Some people liked the techy idea and digital possibilities at hand but people never used that much of sounds, most of them doesnt match to tunes. It happened in keyboards before. You have 500 sounds but you use (prefer) 4-5 in the end which is equal to the treble switches on an accordion.
That's the key, an acoustic accordion has one style of sound, a digital accordion gives you the choice of many sounds and they are more distinct than the register sounds so they are more versatile than a traditional instrument. We all have different tastes and ideas so what suits one musician may not suit another. I like a variety of different music styles and my Roland Fr8x gives me the ability to emulate many more styles than it would be possible with a strictly accoustic accordion. There is no "correct " style of accordion and to claim otherwise is borderline snobbery.
 
Yes true. What I never understood is why this is in an accordion shape? It is a keyboard anyways, you can buy a good Casio about 500 dollars. :)
The Casio would be difficult for me to learn. I do a lot with the Stradella bass, besides (Bass Chord-Bass Chord) or (Bass-Chord-Chord).

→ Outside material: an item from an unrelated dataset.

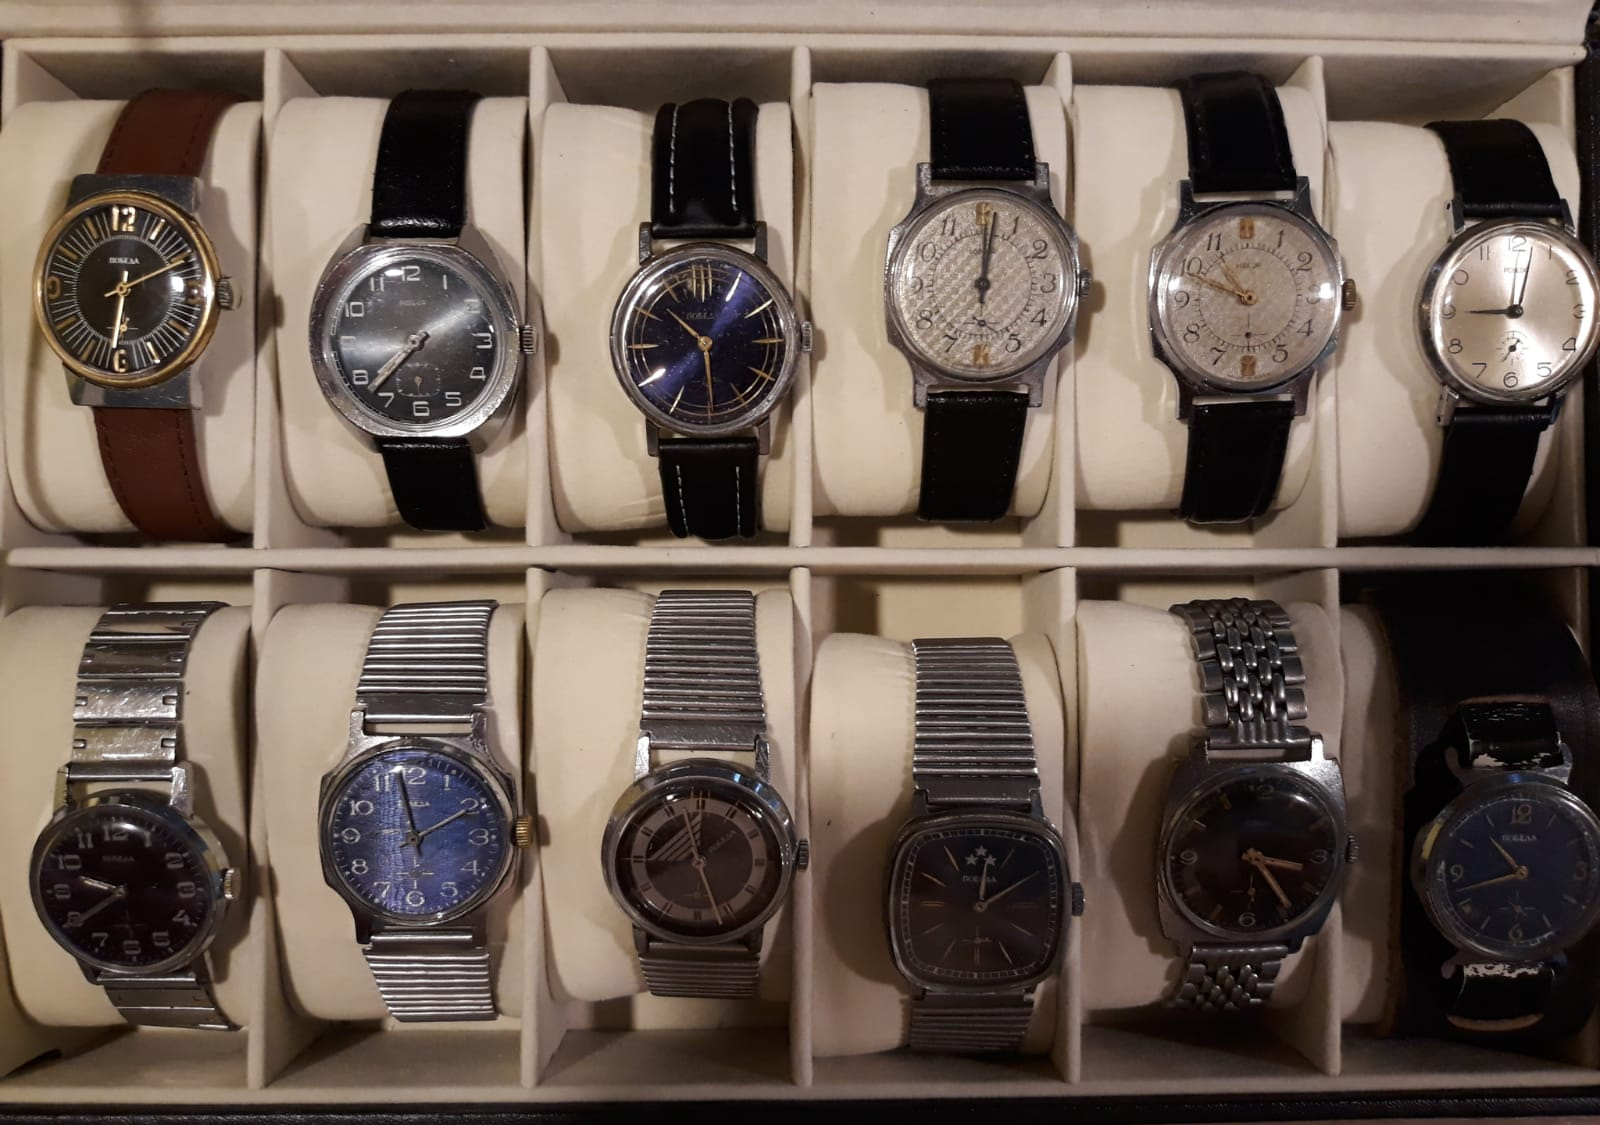 Giurgiuveanul a adunat aproape 400 de ceasuri, toate funcționale

Using my left hand on the Casio would be difficult for me. Also, I don't think I could get the same expression that I can get with my 8X..
 
The Casio would be difficult for me to learn. I do a lot with the Stradella bass, besides (Bass Chord-Bass Chord) or (Bass-Chord-Chord).
A whole bunch of electronic keyboards have the option of switching the bottom octave between playing single notes and playing preprogrammed chords (though more likely to be offered major, minor, dominant seventh, and minor seventh than diminished.) The difference seems to be that serious keyboardists regard the chord buttons as children's toys for people who haven't learned to play the left hand yet.

As a small boy I actually had a cheap little keyboard that had a block of chord buttons completely separate from the main keyboard. I don't remember seeing that layout again in the last 30 years.

Curiously I never could get the hang of either hand on a keyboard, let alone both at once.